This time, regex_match returns true. When the regular expression engine matches the A, it then goes on to see what should follow. In our regex, A is followed by the wildcard, to which we have applied the Kleene star, meaning that any character is matching any number of times. Thus, the parsing starts to consume the rest of the input string, and matches all the rest of the input.

Next, let's see how we can put regexes and regex_match to work with data validation.

Validating Input

A common scenario where regular expressions are used is in validating the format of input data. Applications often require that input adhere to a certain structure. Consider an application that accepts input that must come in the form "3 digits, a word, any character, 2 digits or the string "N/A," a space, then the first word again." Coding such validations manually is both tedious and error prone, and furthermore, these formats are typically exposed to changing requirements; before you know it, some variation of the format needs to be supported, and your carefully crafted parser suddenly needs to be changed and debugged. Let's assemble a regular expression that can validate such input correctly. First, we need an expression that matches exactly 3 digits. There's a special shortcut for digits, \d, that we'll use. To have it repeated 3 times, there's a special kind of repeat called the bounds operator, which encloses the bounds in curly braces. Putting these two together, here's the first part of our regular expression.

 boost::regex reg("\\d{3}");

Note that we need to escape the escape character, so the shortcut \d becomes \\d in our string. This is because the compiler consumes the first backslash as an escape character; we need to escape the backslash so a backslash actually appears in the regular expression string.

Next, we need a way to define a wordthat is, a sequence of characters, ended by any character that is not a letter. There is more than one way of accomplishing this, but we will do it using the regular expression features character classes (also called character sets) and ranges. A character class is an expression enclosed in square brackets. For example, a character class that matches any one of the characters a, b, and c, looks like this: [abc]. Using a range to accomplish the same thing, we write it like so: [a-c]. For a character class that encompasses all characters, we could go slightly crazy and write it like [abcdefghijklmnopqrstuvwxyzABCDEFGHIJKLMNOPQRSTUVWXYZ], but we won't; we'll use ranges instead: [a-zA-Z]. It should be noted that using ranges like this can make one dependent on the locale that is currently in use, if the basic_regex::collate flag is turned on for the regular expression. Using these tools and the repeat +, which means that the preceding expression can be repeated, but must exist at least once, we're now ready to describe a word.

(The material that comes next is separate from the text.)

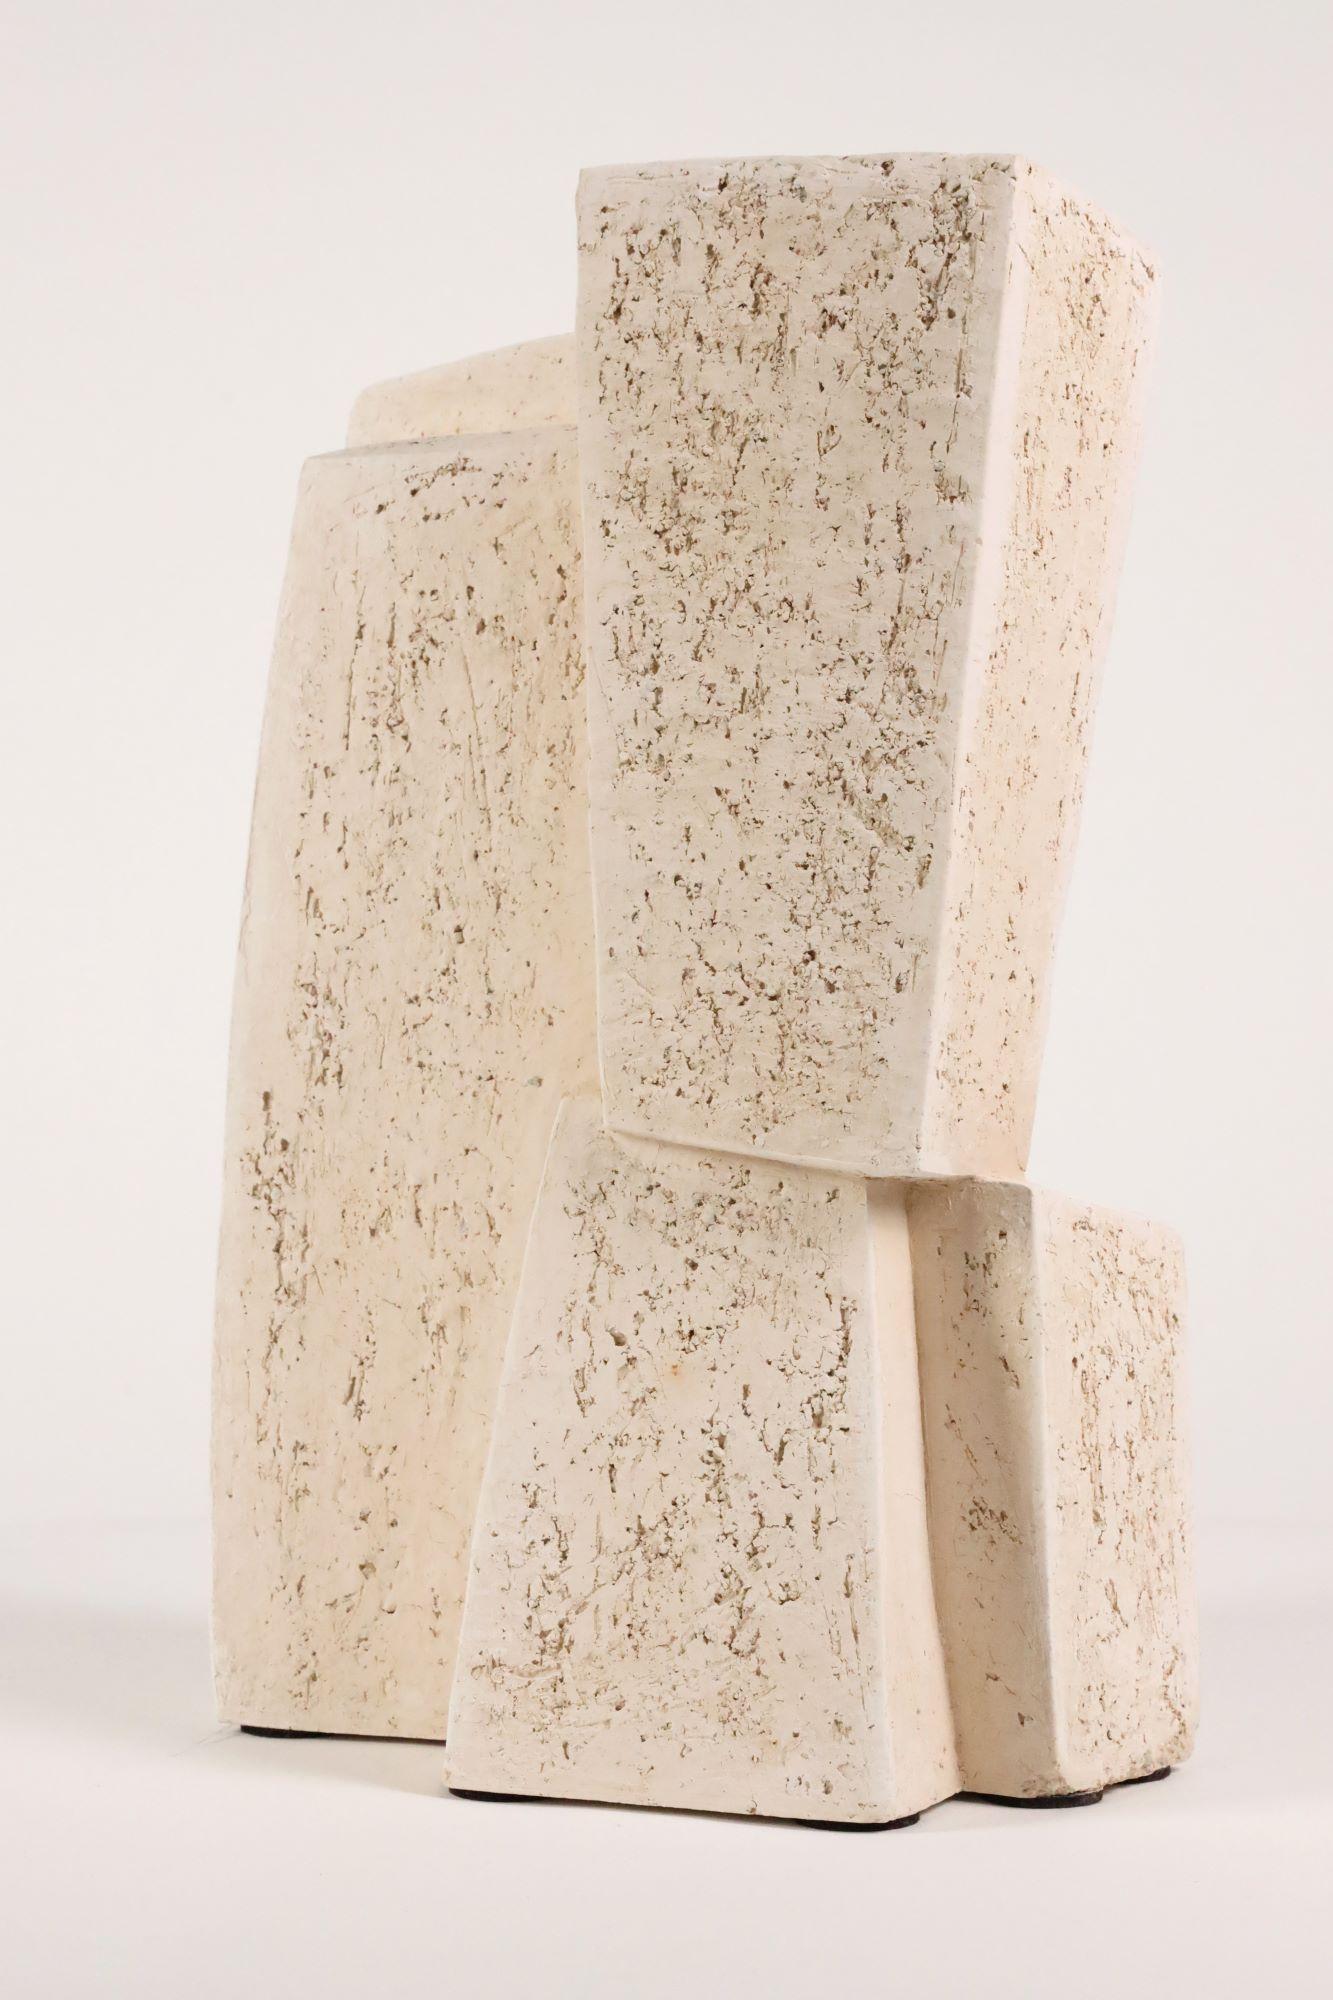 Union V est une sculpture unique en terre cuite blanche avec chamotte de l'artiste contemporaine Delphine Brabant, dont les dimensions sont de 45 × 27 × 19 cm (17.7 × 10.6 × 7.5 in). 
La sculpture est signée et accompagnée d'un certificat

 boost::regex reg("[a-zA-Z]+");

That regular expression works, but because it is so common, there is an even simpler way to represent a word: \w. That operator matches all word characters, not just the ASCII ones, so not only is it shorter, it is better for internationalization purposes. The next character should be exactly one of any character, which we know is the purpose of the dot.

 boost::regex reg(".");

The next part of the input is 2 digits or the string "N/A." To match that, we need to use a feature called alternatives. Alternatives match one of two or more subexpressions, with each alternative separated from the others by |. Here's how it looks:

 boost::regex reg("(\\d{2}|N/A)");

Note that the expression is enclosed in parentheses, to make sure that the full expressions are considered as the two alternatives. Adding a space to the regular expression is simple; there's a shortcut for it: \s. Putting together everything we have so far gives us the following expression:

 boost::regex reg("\\d{3}[a-zA-Z]+.(\\d{2}|N/A)\\s");

Now things get a little trickier. We need a way to validate that the next word in the input data exactly matches the first word (the one we capture using the expression [a-zA-Z]+). The key to accomplish this is to use a back reference, which is a reference to a previous subexpression. For us to be able to refer to the expression [a-zA-Z]+, we must first enclose it in parentheses. That makes the expression ([a-zA-Z]+) the first subexpression in our regular expression, and we can therefore create a back reference to it using the index 1.

That gives us the full regular expression for "3 digits, a word, any character, 2 digits or the string "N/A," a space, then the first word again":

 boost::regex reg("\\d{3}([a-zA-Z]+).(\\d{2}|N/A)\\s\\1");

Good work! Here's a simple program that makes use of the expression with the algorithm regex_match, validating two sample input strings.

 #include <iostream> #include <cassert> #include <string> #include "boost/regex.hpp" int main() {   // 3 digits, a word, any character, 2 digits or "N/A",    // a space, then the first word again   boost::regex reg("\\d{3}([a-zA-Z]+).(\\d{2}|N/A)\\s\\1");      std::string correct="123Hello N/A Hello";   std::string incorrect="123Hello 12 hello";      assert(boost::regex_match(correct,reg)==true);   assert(boost::regex_match(incorrect,reg)==false); }

The first string, 123Hello N/A Hello, is correct; 123 is 3 digits, followed by any character (a space), Hello is a word, then another space, and finally the word Hello is repeated. The second string is incorrect, because the word Hello is not repeated exactly. By default, regular expressions are case-sensitive, and the back reference therefore does not match.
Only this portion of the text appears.